**Provided information**

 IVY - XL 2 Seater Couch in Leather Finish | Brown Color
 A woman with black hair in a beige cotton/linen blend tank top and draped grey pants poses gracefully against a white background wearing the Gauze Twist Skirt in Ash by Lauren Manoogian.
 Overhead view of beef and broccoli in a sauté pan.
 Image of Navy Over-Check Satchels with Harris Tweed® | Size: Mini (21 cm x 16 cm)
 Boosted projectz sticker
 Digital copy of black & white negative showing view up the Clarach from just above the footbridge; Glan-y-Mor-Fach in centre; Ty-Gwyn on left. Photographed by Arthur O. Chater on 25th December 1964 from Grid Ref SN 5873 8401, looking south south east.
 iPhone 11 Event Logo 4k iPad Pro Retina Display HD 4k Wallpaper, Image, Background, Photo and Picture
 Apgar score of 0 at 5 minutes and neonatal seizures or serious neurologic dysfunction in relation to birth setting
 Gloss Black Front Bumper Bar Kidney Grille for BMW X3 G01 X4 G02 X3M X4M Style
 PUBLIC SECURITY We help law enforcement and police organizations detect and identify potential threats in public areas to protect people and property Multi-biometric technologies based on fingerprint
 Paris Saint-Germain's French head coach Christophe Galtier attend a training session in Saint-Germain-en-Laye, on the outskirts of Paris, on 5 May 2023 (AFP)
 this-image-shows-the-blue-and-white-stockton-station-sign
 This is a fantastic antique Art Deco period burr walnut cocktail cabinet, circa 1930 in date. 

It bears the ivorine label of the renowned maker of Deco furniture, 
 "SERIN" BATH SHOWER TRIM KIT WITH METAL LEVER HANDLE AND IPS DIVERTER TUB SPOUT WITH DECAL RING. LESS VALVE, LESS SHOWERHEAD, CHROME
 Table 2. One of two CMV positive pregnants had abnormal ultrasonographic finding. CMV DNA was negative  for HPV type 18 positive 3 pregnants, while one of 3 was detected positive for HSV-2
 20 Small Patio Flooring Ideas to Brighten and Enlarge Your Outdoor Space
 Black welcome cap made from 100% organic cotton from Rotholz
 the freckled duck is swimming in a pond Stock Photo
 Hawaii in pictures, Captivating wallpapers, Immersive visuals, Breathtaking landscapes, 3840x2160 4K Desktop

**Work required**
Copy verbatim, from the listing above, each line from the one containing "Boosted projectz sticker" down to the one containing "PUBLIC SECURITY We", inclusive.

**Answer to this problem**
 Boosted projectz sticker
 Digital copy of black & white negative showing view up the Clarach from just above the footbridge; Glan-y-Mor-Fach in centre; Ty-Gwyn on left. Photographed by Arthur O. Chater on 25th December 1964 from Grid Ref SN 5873 8401, looking south south east.
 iPhone 11 Event Logo 4k iPad Pro Retina Display HD 4k Wallpaper, Image, Background, Photo and Picture
 Apgar score of 0 at 5 minutes and neonatal seizures or serious neurologic dysfunction in relation to birth setting
 Gloss Black Front Bumper Bar Kidney Grille for BMW X3 G01 X4 G02 X3M X4M Style
 PUBLIC SECURITY We help law enforcement and police organizations detect and identify potential threats in public areas to protect people and property Multi-biometric technologies based on fingerprint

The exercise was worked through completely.